Ao perceber a tais “bolas negras”, foi como se estas piscassem, com uma leve expressão de perplexidade. A nossa personagem teve um breve susto, aceitável até, por não saber o que era aquilo ou o que estava acontecendo. Após respirar fundo ela se levantou de sua cama procurando acender a luz, e antes mesmo que pudesse colocar o primeiro pé no chão ela ouviu uma voz, feminina, lhe dizer suavemente:
- Por favor, não.

Com toda certeza, agora ela poderia ter certeza de que havia algo ou alguém com ela e que esse alguém era responsável pelas pequenas bolas negras que ela via soltas no ar e que brilhavam ao reflexo da luz da lua que entrava pelas frestas da cortina. Mas apesar dessa certeza, a voz que ouviu lhe confortou ao ponto do susto ter ido embora, e uma estranha sensação de paz tomar conta dela. Nesse momento ela ouviu a mesma voz lhe dizer:
- A luz costuma me incomodar, por isso não acenda.
E mais uma vez pareceu que as bolinhas negras piscavam pra ela.

A nossa personagem, com certa, naturalidade, ao invés de perguntar um “quem é você?” ou um “o que você faz aqui”, preferiu como primeira pergunta apenas dizer:
- Deixe-me olhar para você.

E ainda sentada em sua cama, a garota pode perceber uma haste negra com pêlos afastar as cortinas e deixar que toda a claridade da luz entrasse no quarto. Ela pode ver, sob a pálida luz da lua, que na verdade as bolas negras olhavam para ela de verdade pois eram olhos, e que na verdade eram oito bolas negras/olhos e que a haste que abriu as cortinas eram uma enorme pata com pêlos negros. Ela estava diante de uma aranha, negra e com pêlos negros tão negros quanto seus olhos, patas longas que faziam com que a aranha tivesse quase um metro de altura, e ela era monstruosa e linda aos olhos da nossa personagem.

Ela, a garota, não sentiu medo, apenas esboçou um leve sorriso, sentindo dentro de si uma felicidade estranha e uma sensação de amizade como ela nunca havia antes sentido. A nossa garota se limitou a olhar para a aranha e dizer com calma:
- Agora que eu te vi, eu não preciso perguntar quem você é. Eu sei exatamente quem você mas não consigo explicar com palavras, apenas sei e isso é que importa, e me sinto feliz de poder te ver.
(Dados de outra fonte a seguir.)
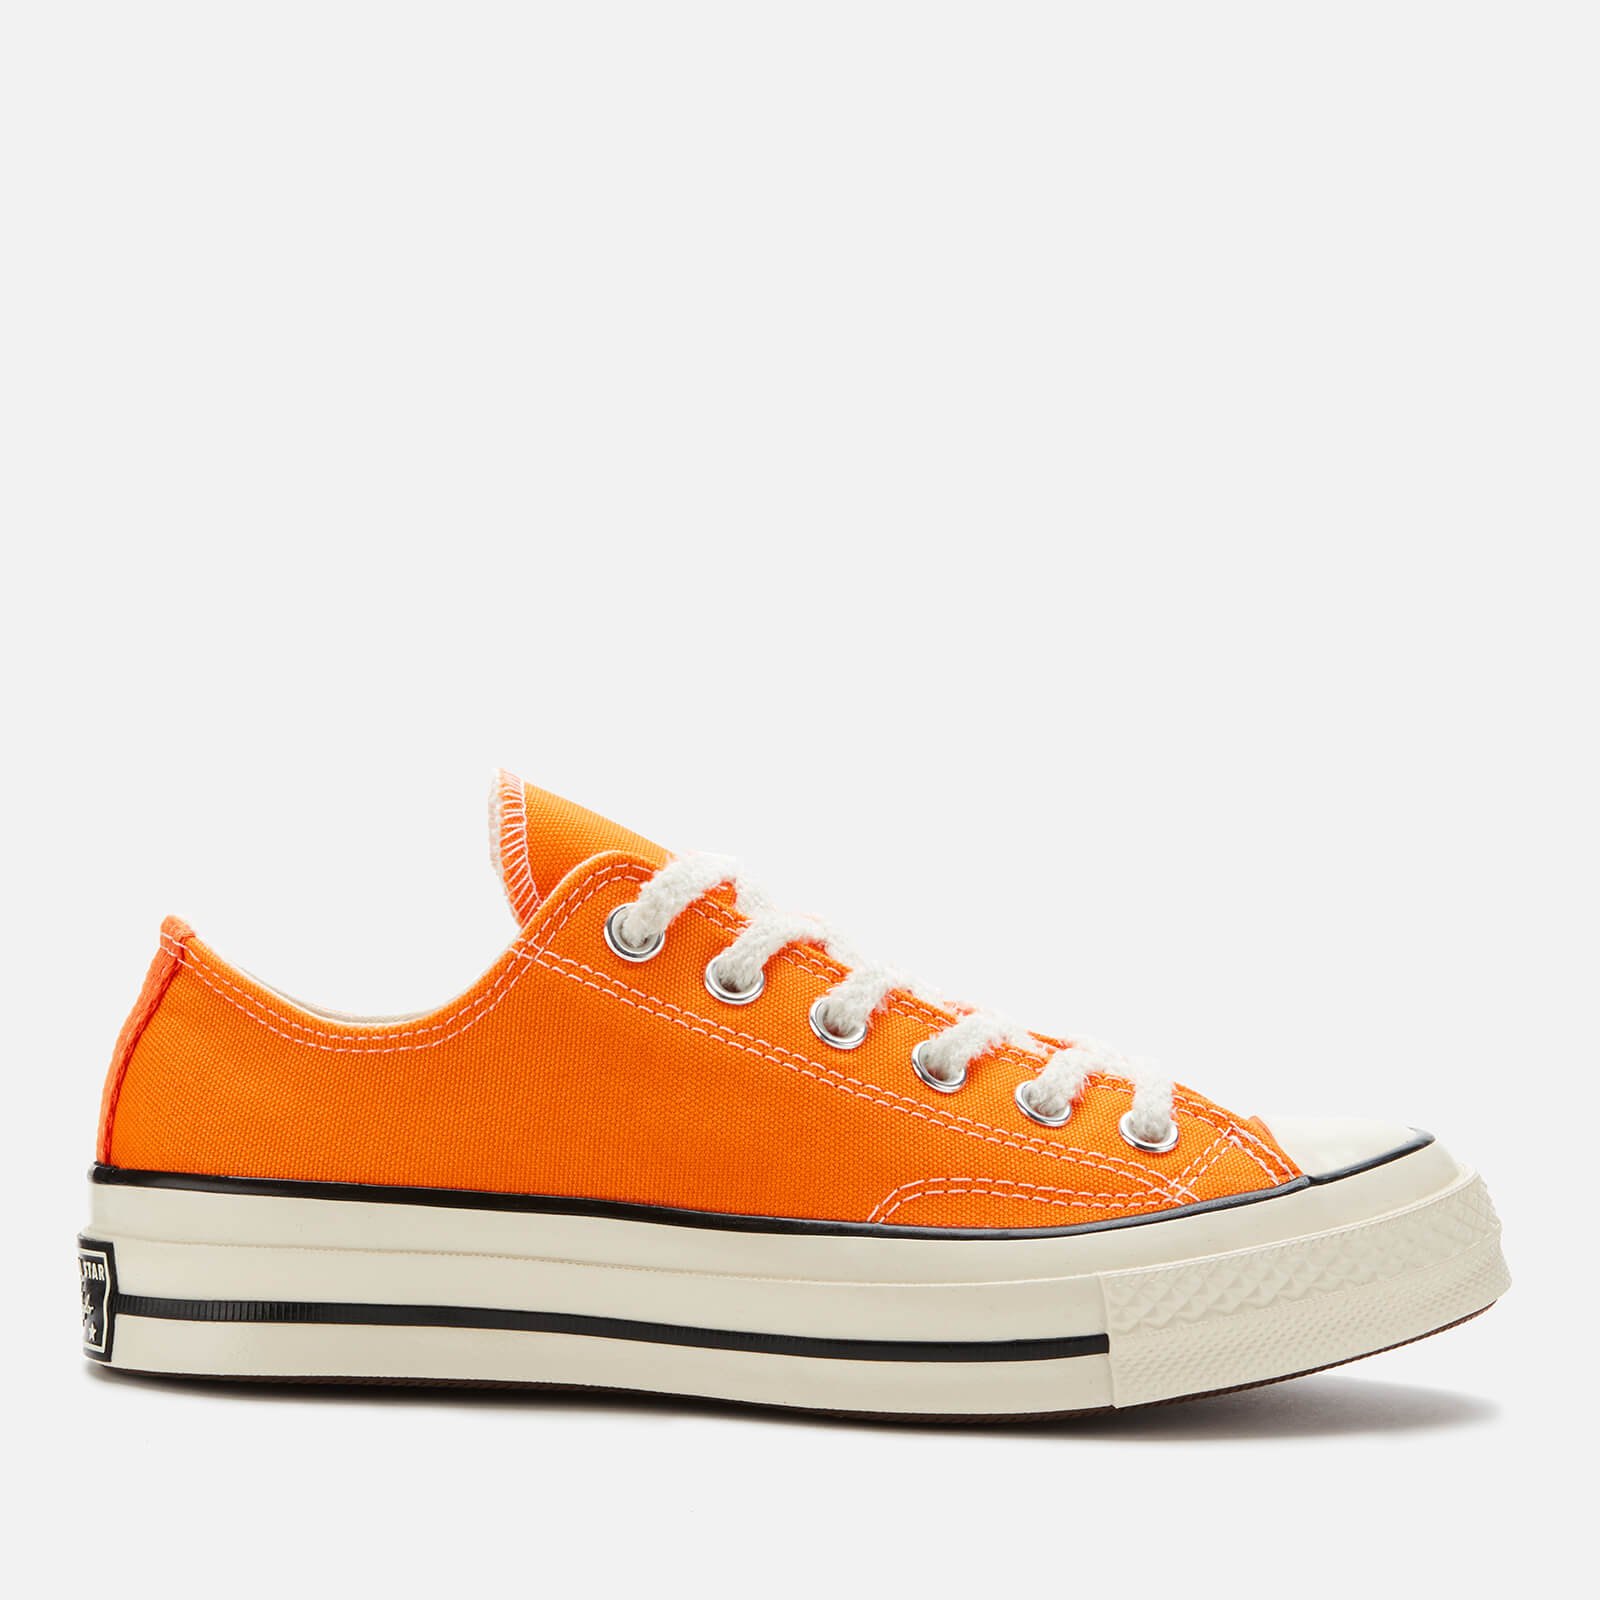 converse chuck taylor all star ox trainers in orange

Quero apenas que me diga se era você das outras vezes.
E a aranha respondeu:
- Na maioria das vezes sim, houve outro antes de mim, mas foi por pouco tempo.

E ambas, a garota e a aranha, ficaram em silêncio novamente. Sentiam que não precisavam, e nem queriam, conversar, mas apenas a presença de uma já fazia bem a outra e fazia com que o sentimento de solidão se dissipasse.